[What is expected]: Every line in the records below that holds "Christmas" must be identified and copied.

[Material supplied]:

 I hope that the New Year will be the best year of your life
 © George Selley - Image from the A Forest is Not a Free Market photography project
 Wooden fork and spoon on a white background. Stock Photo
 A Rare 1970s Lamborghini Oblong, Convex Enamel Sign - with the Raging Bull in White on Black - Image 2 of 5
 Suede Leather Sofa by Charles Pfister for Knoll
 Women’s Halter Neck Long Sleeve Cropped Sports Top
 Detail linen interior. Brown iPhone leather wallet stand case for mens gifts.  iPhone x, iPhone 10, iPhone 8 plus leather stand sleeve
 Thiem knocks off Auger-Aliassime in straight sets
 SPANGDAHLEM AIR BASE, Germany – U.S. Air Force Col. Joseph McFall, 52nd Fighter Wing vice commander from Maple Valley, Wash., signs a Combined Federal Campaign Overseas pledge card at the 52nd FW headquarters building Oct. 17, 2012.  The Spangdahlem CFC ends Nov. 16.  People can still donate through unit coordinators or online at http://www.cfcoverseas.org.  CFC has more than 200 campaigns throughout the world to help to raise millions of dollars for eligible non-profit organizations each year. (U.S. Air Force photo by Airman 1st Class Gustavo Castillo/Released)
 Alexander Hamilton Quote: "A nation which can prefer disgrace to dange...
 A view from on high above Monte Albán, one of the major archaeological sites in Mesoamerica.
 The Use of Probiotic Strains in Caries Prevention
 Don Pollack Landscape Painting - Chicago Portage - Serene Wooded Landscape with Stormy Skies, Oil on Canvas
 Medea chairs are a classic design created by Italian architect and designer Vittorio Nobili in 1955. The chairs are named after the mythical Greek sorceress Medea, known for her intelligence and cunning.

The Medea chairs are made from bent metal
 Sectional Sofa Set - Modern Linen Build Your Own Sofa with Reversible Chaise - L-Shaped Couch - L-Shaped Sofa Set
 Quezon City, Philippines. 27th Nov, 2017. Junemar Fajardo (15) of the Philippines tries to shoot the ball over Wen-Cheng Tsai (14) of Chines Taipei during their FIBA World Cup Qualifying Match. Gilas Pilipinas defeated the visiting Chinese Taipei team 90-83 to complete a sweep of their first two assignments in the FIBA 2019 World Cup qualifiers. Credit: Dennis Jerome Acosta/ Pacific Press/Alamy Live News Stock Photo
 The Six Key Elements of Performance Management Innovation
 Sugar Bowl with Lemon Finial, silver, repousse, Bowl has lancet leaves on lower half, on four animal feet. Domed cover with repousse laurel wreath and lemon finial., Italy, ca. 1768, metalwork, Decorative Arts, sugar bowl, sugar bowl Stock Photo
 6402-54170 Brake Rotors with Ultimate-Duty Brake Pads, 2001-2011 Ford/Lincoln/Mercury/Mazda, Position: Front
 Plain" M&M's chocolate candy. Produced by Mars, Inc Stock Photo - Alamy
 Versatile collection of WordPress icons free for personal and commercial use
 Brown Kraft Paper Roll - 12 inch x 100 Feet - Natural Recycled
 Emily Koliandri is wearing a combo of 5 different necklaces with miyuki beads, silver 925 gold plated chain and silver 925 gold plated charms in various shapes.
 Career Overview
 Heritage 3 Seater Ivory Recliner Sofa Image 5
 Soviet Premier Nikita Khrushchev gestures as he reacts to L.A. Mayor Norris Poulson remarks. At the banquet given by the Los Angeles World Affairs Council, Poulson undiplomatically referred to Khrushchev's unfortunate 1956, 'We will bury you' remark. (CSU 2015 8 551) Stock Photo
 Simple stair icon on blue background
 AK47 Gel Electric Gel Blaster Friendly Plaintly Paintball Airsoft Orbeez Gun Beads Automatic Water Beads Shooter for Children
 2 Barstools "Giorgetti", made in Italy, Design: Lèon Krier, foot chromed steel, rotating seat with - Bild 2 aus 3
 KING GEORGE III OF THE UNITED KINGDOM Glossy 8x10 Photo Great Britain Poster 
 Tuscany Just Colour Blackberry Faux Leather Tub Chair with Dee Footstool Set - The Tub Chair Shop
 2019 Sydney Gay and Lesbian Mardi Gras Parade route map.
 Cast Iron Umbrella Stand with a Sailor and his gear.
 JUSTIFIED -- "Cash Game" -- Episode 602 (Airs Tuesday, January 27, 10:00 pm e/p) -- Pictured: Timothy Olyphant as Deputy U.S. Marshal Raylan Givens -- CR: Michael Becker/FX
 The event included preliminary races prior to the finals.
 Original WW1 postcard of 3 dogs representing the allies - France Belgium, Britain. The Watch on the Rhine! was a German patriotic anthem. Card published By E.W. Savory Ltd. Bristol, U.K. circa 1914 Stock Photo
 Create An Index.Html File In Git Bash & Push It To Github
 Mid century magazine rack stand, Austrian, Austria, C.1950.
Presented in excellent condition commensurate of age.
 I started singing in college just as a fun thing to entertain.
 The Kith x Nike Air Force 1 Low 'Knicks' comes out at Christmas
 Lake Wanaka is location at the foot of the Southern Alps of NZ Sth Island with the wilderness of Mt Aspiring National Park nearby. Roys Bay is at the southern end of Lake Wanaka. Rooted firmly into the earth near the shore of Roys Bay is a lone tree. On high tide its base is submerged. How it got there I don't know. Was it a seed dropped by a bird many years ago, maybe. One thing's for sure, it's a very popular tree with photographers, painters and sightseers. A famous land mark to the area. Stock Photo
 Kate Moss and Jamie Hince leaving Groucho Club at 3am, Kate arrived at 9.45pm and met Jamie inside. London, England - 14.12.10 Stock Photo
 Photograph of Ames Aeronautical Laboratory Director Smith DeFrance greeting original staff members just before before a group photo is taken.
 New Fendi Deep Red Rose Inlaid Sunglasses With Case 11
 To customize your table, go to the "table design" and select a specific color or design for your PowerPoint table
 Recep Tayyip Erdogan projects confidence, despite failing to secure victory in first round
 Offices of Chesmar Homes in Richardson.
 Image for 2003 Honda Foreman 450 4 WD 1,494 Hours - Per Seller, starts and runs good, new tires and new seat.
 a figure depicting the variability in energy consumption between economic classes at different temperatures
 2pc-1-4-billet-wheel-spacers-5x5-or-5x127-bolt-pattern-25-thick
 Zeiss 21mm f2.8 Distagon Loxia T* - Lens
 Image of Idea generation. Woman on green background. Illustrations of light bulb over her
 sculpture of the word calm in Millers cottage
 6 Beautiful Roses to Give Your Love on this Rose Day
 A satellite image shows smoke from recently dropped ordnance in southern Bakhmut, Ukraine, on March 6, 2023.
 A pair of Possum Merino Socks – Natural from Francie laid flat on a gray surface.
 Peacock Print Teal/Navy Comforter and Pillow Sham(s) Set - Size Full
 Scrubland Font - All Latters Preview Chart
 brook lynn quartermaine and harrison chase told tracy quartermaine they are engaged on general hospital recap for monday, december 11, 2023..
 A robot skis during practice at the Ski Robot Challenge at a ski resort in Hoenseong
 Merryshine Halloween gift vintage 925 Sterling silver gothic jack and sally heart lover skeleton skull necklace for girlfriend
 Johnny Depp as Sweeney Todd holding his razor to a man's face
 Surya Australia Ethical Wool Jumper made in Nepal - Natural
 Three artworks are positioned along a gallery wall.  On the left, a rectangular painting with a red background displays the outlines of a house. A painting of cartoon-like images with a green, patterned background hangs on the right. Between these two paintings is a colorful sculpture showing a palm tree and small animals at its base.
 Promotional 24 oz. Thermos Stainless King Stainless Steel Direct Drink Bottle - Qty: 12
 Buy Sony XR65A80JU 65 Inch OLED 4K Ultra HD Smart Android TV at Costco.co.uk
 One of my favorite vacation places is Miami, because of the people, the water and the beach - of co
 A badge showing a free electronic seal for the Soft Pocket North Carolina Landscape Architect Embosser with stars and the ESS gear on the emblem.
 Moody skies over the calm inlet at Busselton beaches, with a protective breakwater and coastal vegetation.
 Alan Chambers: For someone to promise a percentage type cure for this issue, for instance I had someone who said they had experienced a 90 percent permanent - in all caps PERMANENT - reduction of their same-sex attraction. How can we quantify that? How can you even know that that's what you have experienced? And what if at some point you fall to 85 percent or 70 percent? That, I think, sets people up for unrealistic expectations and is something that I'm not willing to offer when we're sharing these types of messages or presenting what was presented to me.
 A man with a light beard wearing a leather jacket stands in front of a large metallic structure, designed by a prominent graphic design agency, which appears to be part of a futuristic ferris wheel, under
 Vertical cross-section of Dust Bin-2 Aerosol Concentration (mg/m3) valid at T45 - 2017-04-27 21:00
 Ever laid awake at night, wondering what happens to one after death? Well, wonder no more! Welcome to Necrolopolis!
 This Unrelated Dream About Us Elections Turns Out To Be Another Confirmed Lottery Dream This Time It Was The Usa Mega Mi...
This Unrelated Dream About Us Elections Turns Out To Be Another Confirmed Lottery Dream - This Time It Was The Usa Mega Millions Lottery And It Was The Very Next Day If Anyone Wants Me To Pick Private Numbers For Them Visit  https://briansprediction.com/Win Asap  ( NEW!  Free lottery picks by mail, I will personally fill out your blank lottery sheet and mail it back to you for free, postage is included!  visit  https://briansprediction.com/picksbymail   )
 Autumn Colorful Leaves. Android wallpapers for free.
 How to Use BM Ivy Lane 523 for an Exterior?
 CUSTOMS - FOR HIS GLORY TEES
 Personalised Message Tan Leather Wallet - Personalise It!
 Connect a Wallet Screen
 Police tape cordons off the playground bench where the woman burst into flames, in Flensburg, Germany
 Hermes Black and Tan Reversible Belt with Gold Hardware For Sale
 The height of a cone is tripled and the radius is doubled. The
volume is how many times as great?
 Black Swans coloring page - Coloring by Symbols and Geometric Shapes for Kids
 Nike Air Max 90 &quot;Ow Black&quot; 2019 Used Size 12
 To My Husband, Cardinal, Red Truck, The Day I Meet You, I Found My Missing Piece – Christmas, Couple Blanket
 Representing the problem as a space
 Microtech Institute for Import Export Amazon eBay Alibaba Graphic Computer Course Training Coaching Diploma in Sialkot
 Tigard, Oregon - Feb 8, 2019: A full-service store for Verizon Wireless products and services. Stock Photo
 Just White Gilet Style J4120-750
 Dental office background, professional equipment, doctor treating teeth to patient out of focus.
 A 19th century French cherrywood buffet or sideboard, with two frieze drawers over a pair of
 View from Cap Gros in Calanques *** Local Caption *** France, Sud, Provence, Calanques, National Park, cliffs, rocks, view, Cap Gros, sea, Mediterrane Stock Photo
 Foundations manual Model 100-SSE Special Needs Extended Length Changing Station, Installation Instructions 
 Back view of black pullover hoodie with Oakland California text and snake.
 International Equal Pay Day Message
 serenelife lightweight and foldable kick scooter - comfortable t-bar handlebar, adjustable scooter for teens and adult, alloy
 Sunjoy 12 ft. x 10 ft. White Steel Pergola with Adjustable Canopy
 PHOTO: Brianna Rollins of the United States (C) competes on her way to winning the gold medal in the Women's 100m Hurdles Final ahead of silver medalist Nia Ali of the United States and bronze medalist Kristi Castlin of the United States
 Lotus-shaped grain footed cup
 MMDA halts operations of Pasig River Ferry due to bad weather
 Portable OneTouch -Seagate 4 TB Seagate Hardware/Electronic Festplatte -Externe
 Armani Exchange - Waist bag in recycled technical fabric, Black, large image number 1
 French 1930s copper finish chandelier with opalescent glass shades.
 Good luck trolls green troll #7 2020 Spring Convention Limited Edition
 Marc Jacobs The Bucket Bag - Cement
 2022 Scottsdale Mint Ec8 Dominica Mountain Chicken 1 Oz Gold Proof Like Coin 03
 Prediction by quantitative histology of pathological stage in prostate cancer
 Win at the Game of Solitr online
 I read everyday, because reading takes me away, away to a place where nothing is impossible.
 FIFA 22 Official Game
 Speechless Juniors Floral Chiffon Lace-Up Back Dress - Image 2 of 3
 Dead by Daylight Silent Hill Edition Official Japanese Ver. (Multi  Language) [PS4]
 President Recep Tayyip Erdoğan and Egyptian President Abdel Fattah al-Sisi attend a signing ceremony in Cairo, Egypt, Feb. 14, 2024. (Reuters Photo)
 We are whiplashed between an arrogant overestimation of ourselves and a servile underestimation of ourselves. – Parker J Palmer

[Your solution]:
 The Kith x Nike Air Force 1 Low 'Knicks' comes out at Christmas
 To My Husband, Cardinal, Red Truck, The Day I Meet You, I Found My Missing Piece – Christmas, Couple Blanket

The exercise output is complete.